Summary — AJR 14 (BDR R-991)
Status
- Assembly Joint Resolution (AJR) 14 was adopted by the Nevada Legislature and enrolled and delivered to the Secretary of State (File No. 22). Key legislative steps include introduction (March 24, 2025), amendment and committee consideration in April 2025, passage in the Assembly, and enrollment in late May 2025.
Title / Purpose
- Condemns the January 6, 2021 attack on the U.S. Capitol (including assaults on law enforcement officers) and denounces the use of presidential pardons and commutations to absolve participants in that riot.
Main provisions / what the resolution says
- Condemns the breach of the U.S. Capitol on January 6, 2021 as an attack on the Capitol, the rule of law, and American democratic values.
- Notes that the attack resulted in traumatic injuries to law enforcement (the text cites at least 140 officers injured) and references specific allegations of assaults on officers.
- Expressly denounces the use of presidential pardons and commutations issued on January 20, 2025 that, according to the resolution’s text, absolved roughly 1,500 individuals involved in the attack.
- Cites statements from law-enforcement organizations (International Association of Chiefs of Police and Fraternal Order of Police) condemning those pardons/commutations and stressing the need for accountability.
- Directs the Chief Clerk of the Assembly to prepare and transmit copies of the resolution to: the President of the United States, the President Pro Tempore of the U.S. Senate, the Speaker of the U.S. House, and Nevada’s congressional delegation.
- Declares the resolution effective upon passage.
Scope, legal effect, and fiscal impact
- AJR 14 is a joint resolution expressing the position of the Nevada Legislature; it is declaratory and symbolic and does not change federal law or alter the legal effect of presidential pardons or federal prosecutions.
- The resolution contains no implementing provisions, penalties, or funding obligations. Legislative fiscal notes indicate no effect on the State or local government.

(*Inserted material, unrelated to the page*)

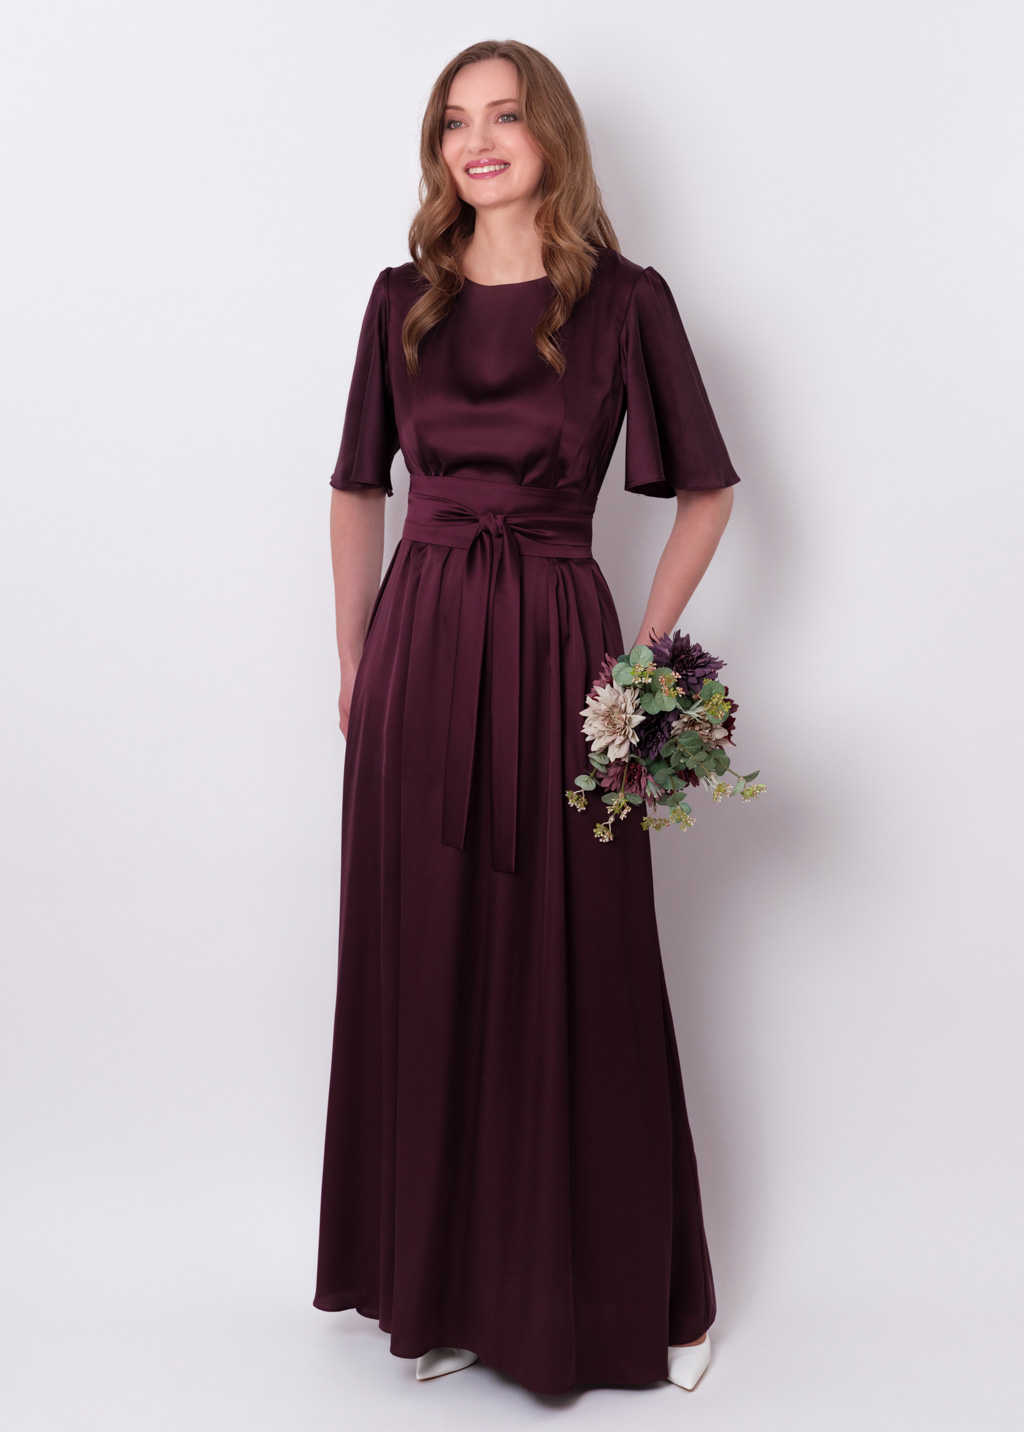 Dark burgundy silk dress with belt

Who is affected / implications
- Direct legal or financial effects: none.
- Political and symbolic effects: communicates Nevada’s official stance to federal leaders and may shape public and congressional discourse about accountability for the January 6 events and about the exercise of the presidential pardon power.
- Stakeholder responses: the legislative record includes written and oral support from civic and community groups and individuals who view the resolution as defending democracy and law enforcement. It also includes opposition from individuals and organizations arguing the measure is partisan, raises due-process concerns, or disputes factual characterizations of January 6.
Sponsors and procedural notes
- Primary sponsors: Assemblymembers Yeager, Monroe-Moreno, Miller, Jauregui, Backus and multiple cosponsors; Senate joint sponsors include Senators Scheible, Cannizzaro, Dondero Loop, Nguyen and Ohrenschall.
- The resolution was amended in committee (Amendment No. 378) during April 2025; the enrolled version incorporates sponsors and final text described above.